2017-04-07 Worldbuilding

I really hate useless history in setting material. That’s information that players will never discover unless it is read to them in a boring monologue. Then again, I just listened to a podcast where somebody says that the warehouses now filled with artists and lofts are there because traditional shipping and warehousing was replaced by containers. I imagined an Orientalist bazaar in the carcass of a fallen civilisation and thought, this is D&D!

But how to create this? I need a handful of layers. Each historic layer is identifiable by architecture, providing early warning signs to players, as well as signalling the kinds of traps and treasures to be found. Over it all a sequence of immigrations from the top to the bottom, letting players interact with contemporary dangers as well as older, established powers. Say, four layers, four immigration waves. Perhaps the orcs did not reach the deepest levels, perhaps there are no astral gates and their Grell invaders at the surface, so we won’t have to think about all combinations, but there will be enough variation nonetheless.

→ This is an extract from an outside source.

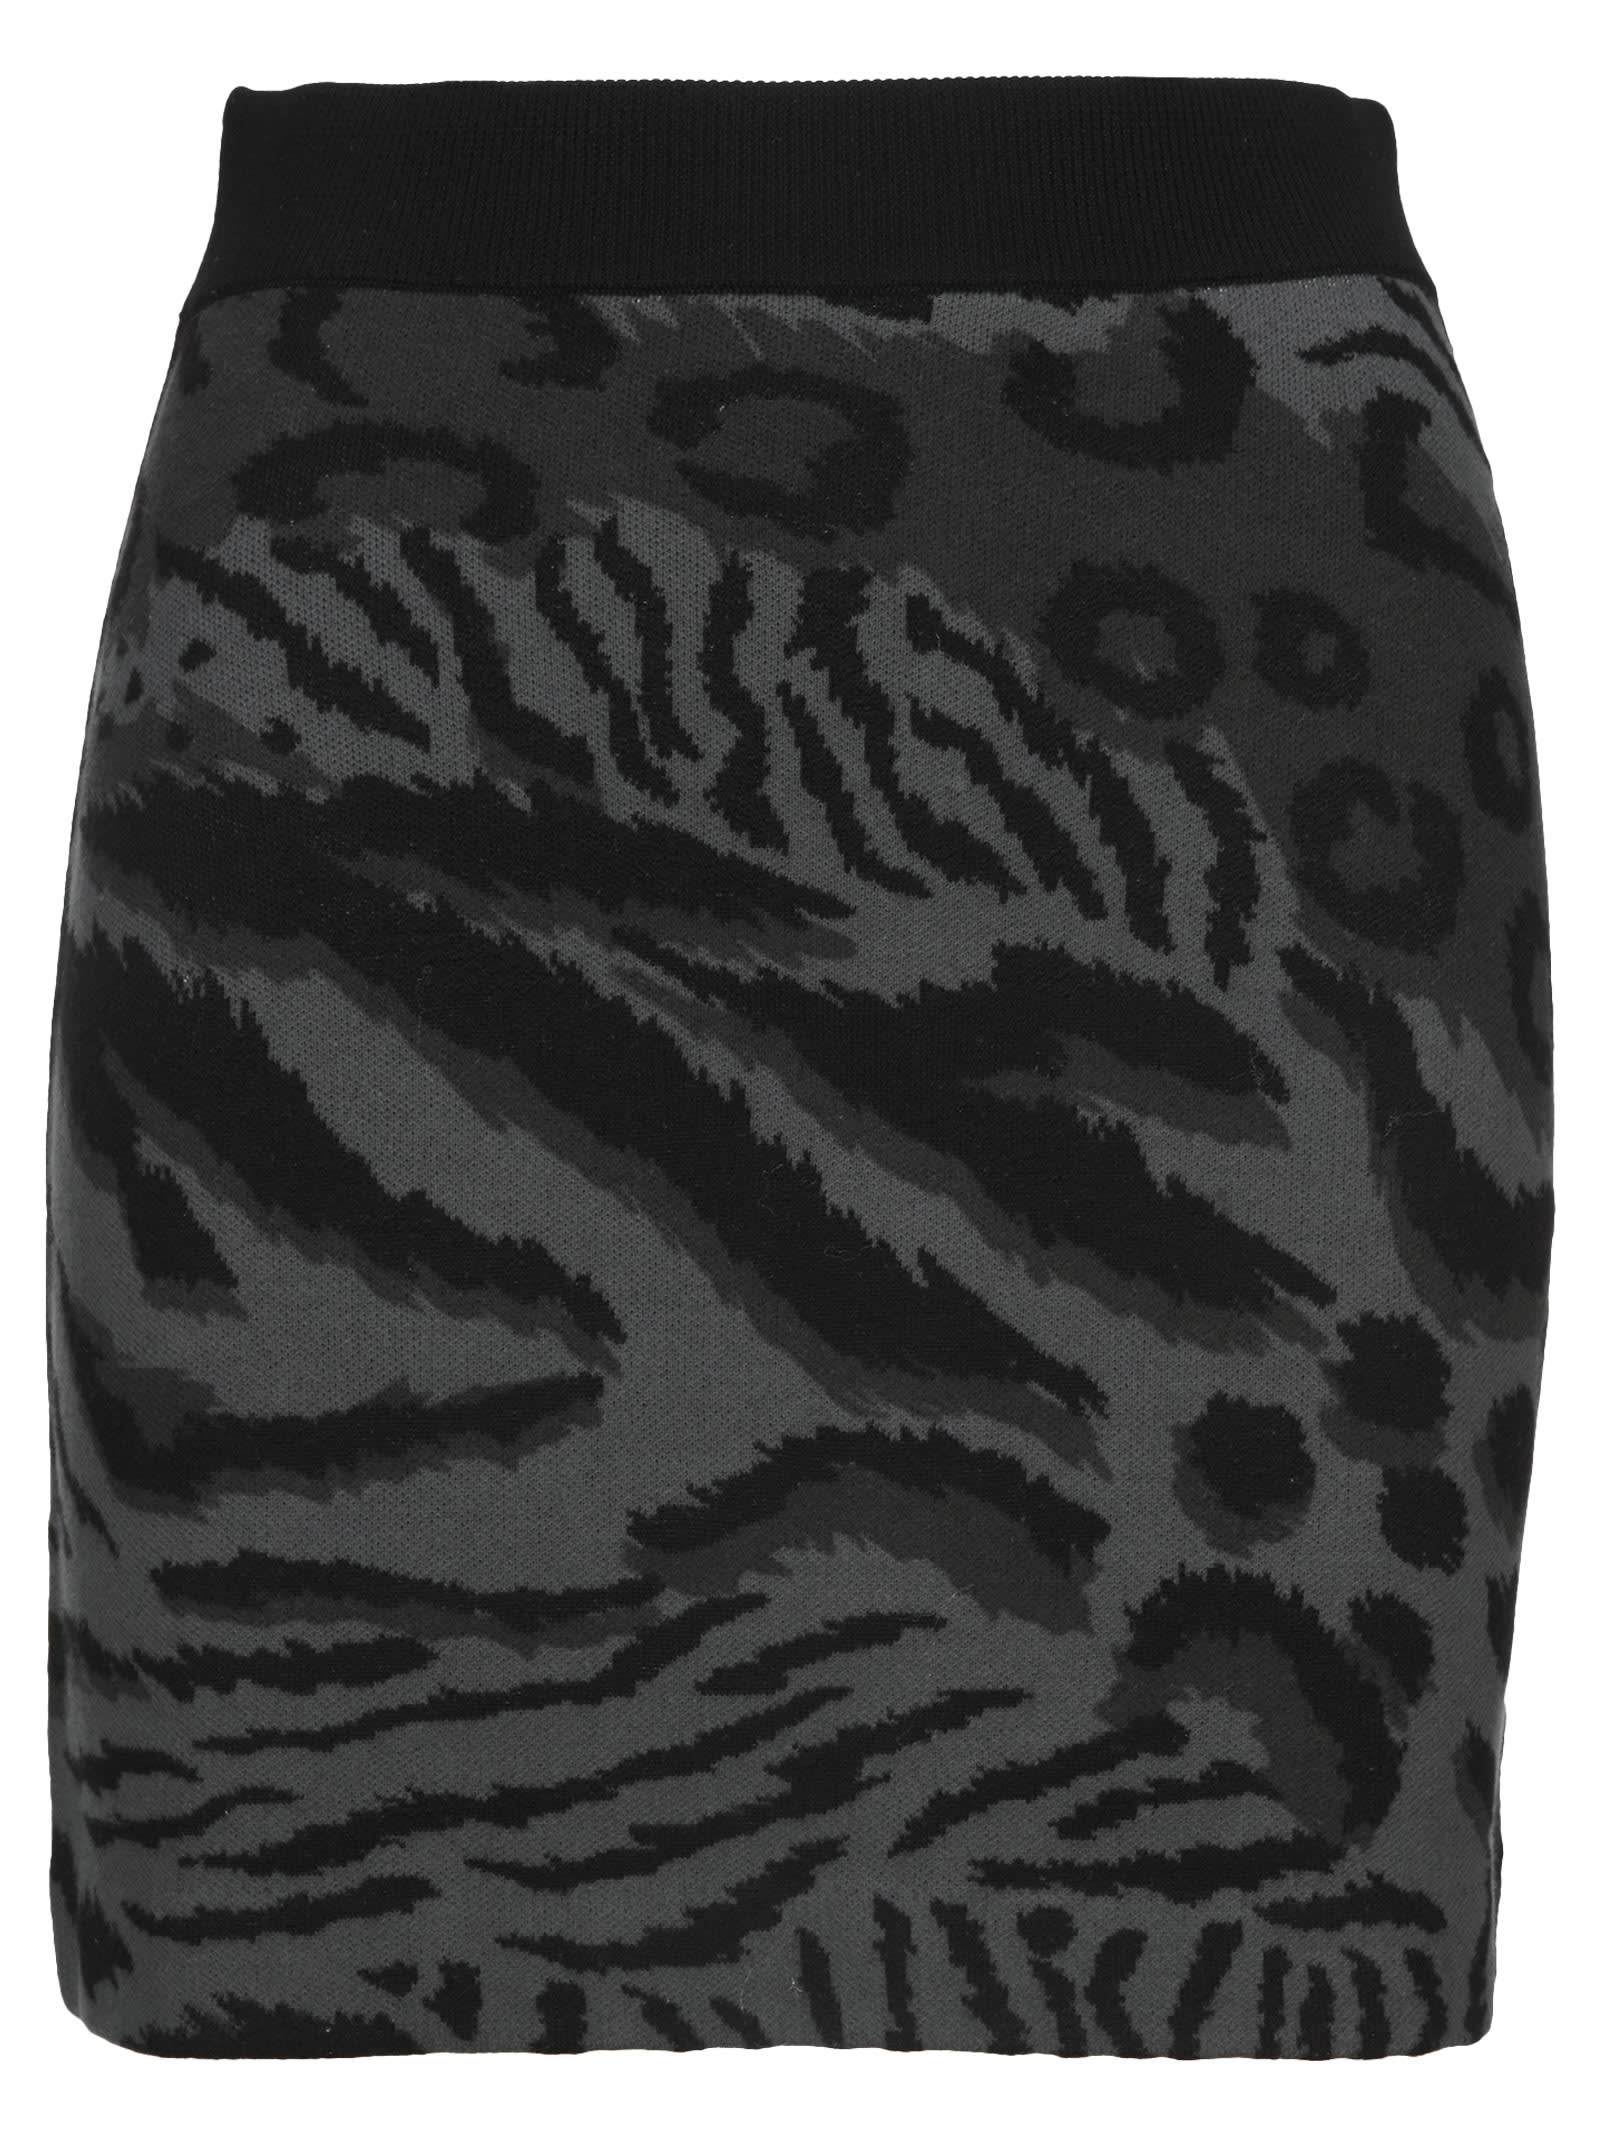 Kenzo cheetah Leopard Merino Wool Mini Skirt
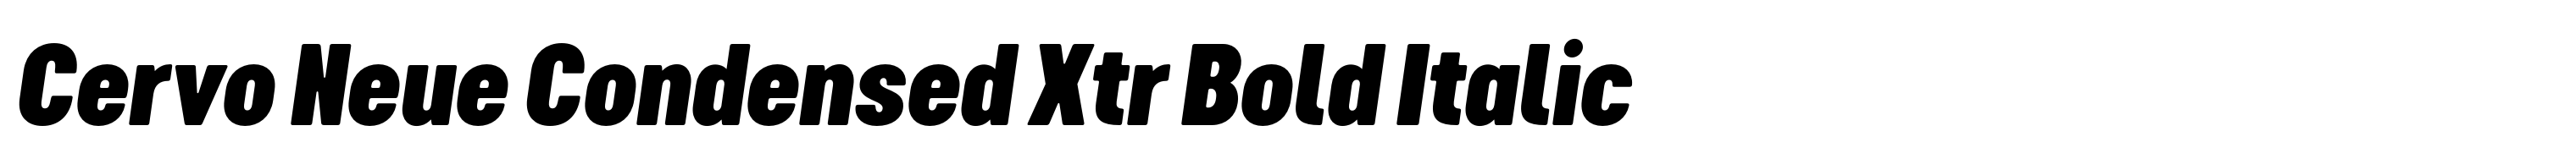 Cervo Neue Condensed Xtr Bold Italic

Maybe take a sheet of paper, draw four interlinked circles for the historic layers, and on top of that, another four interlinked circles for the immigrations. Then draw a point crawl on top of that and let all the locations be influenced by the circles they are in – one or two historic layers for architecture, traps, treasure, items, and one or two immigrations for current denizens.

Instant lore and theme for your megadungeon or wilderness?

I guess you could say I want to create an underworld that feels like it might have been the result of How to Host a Dungeon without actually playing the game.